Types of power plants


Steam turbine plants



Most traditional power plants make energy by burning fuel to release heat. For that reason, they're called thermal (heat-based) power plants. Coal and oil plants work much as I've shown in the artwork above, burning fuel with oxygen to release heat energy, which boils water and drives a steam turbine. This basic design is sometimes called a simple cycle.

Cutaway model of a steam turbine

Photo: An excellent cutaway model of a steam turbine and electricity generator. Steam flows into the turbine through the huge gray pipes at the top, turning the windmill-like turbine in the middle. As the turbine spins, it turns the electricity generator connected to it (the blue cylinder you can just see on the right). This model lives in Think Tank, the science and engineering museum in Birmingham, England.


Gas turbine plants



Natural gas plants work in a slightly different way that's quite similar to how a jet engine works. Instead of making steam, they burn a steady stream of gas and use that to drive a slightly different design of turbine (called a gas turbine) instead.

Combined designs


Every power plant ever built has had one main objective: to get as much useful electricity as possible from its fuel—in other words, to be as efficient as possible. When jet engines scream through the sky firing hot gases like rocket jets in their wake, they're wasting energy. There's not much we can about that in a plane, but we can do something about it in power station. We can take the hot exhaust gases coming from a gas turbine and use them to power a steam turbine as well in what's called a combined cycle. That allows us to produce as much as 50 percent more electricity from the fuel compared to an ordinary, simple cycle plant. Alternatively, we can improve the efficiency of a power plant by passing waste gases through a heat exchange so they heat up water instead. This design is called combined heat and power (CHP) or co generation, and it's rapidly becoming one of the most popular designs (it can also be used for very small-scale power production in units roughly the same size as car engines).

Nuclear plants


Nuclear power plants work in a similar way to simple cycle coal or oil plants but, instead of burning fuel, they smash atoms apart to release heat energy. This is used to boil water, generate steam, and power a steam turbine and generator in the usual way. For more details, see our main article on how nuclear power plants work.

Hydro plants



While all these types of power plants are essentially thermal (generating and releasing heat to drive a steam or gas turbine), two other very common types don't use any heat whatsoever. Hydroelectric and pumped storage plants are designed to funnel vast amounts of water past enormous water turbines (think of them as very efficient water wheels), which drive generators directly. In a hydroelectric plant, a river is made to back up behind a huge concrete dam. The water can escape through a relatively small opening in the dam called a penstock and, as it does so, it makes one or more turbines spin around. For as long as the river flows, the turbines spin and the dam generates hydroelectric power. Although they produce no pollution or emissions, hydroelectric stations are very damaging in other ways: they degrade rivers by blocking their flow and they flood huge areas, forcing many people from their homes (the Three Gorges Dam in China displaced an estimated 1.2 million people).

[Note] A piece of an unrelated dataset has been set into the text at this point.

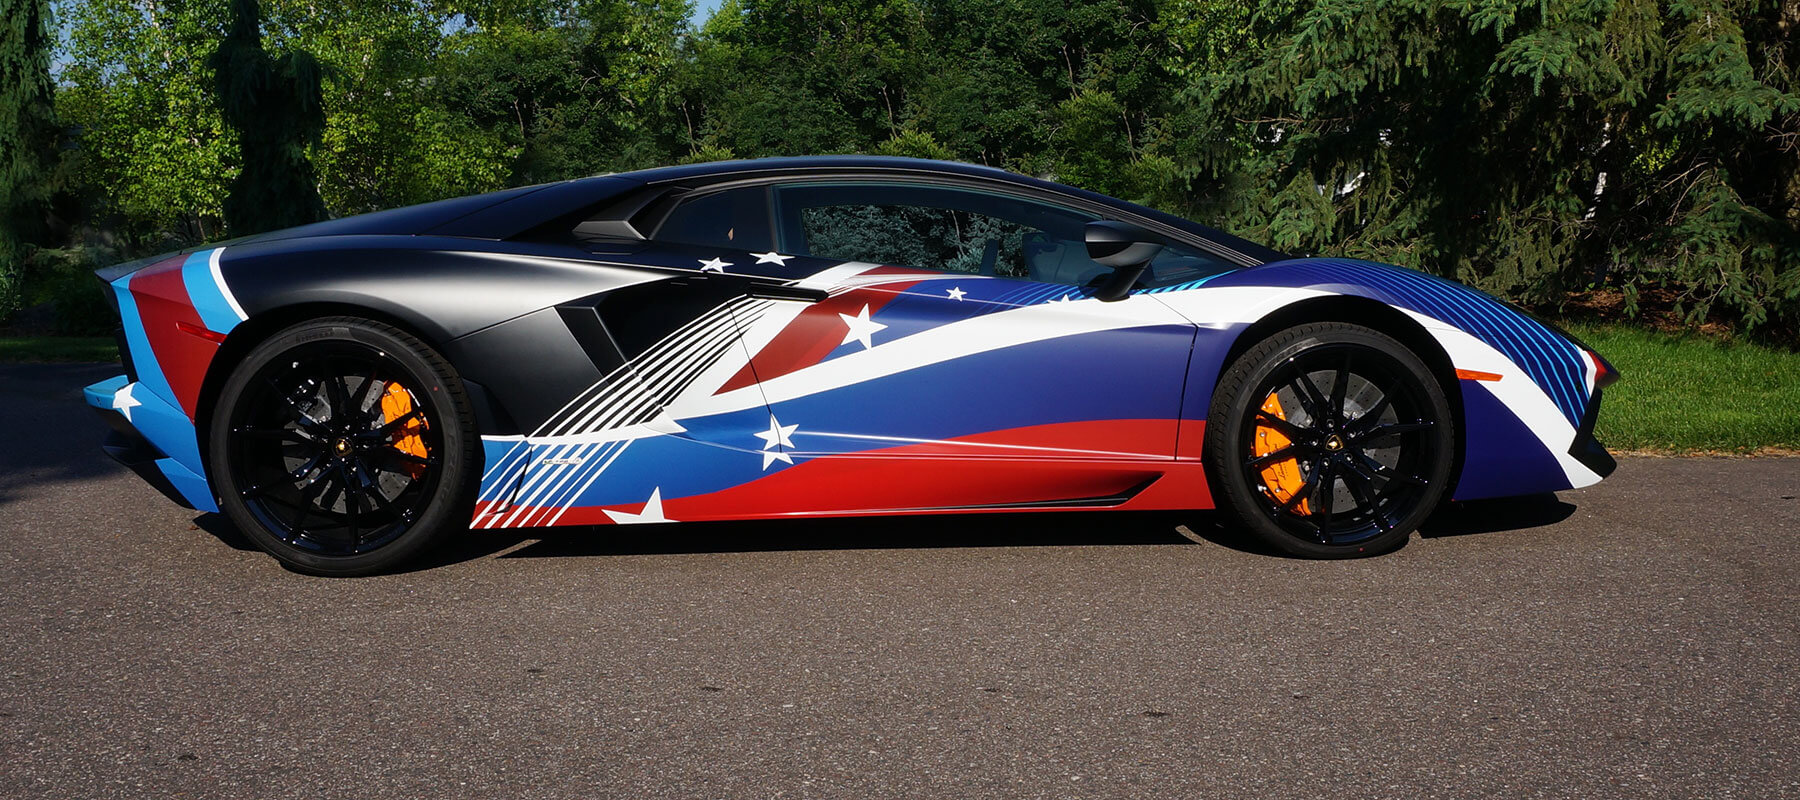 Lamborghini with a patriotic vehicle wrap

Pumped storage generates electricity in a similar way to a hydroelectric plant, but shuttles the same water back and forth between a high-level lake and a lower one. At times of peak demand, the water is allowed to escape from the high lake to the lower one, generating electricity at a high price. When demand is lower, in the middle of the night, the water is pumped back up again from the low lake to the high one using low-rate electricity. So pumped storage is really a way of taking advantage of how electricity is worth more at some times than at others.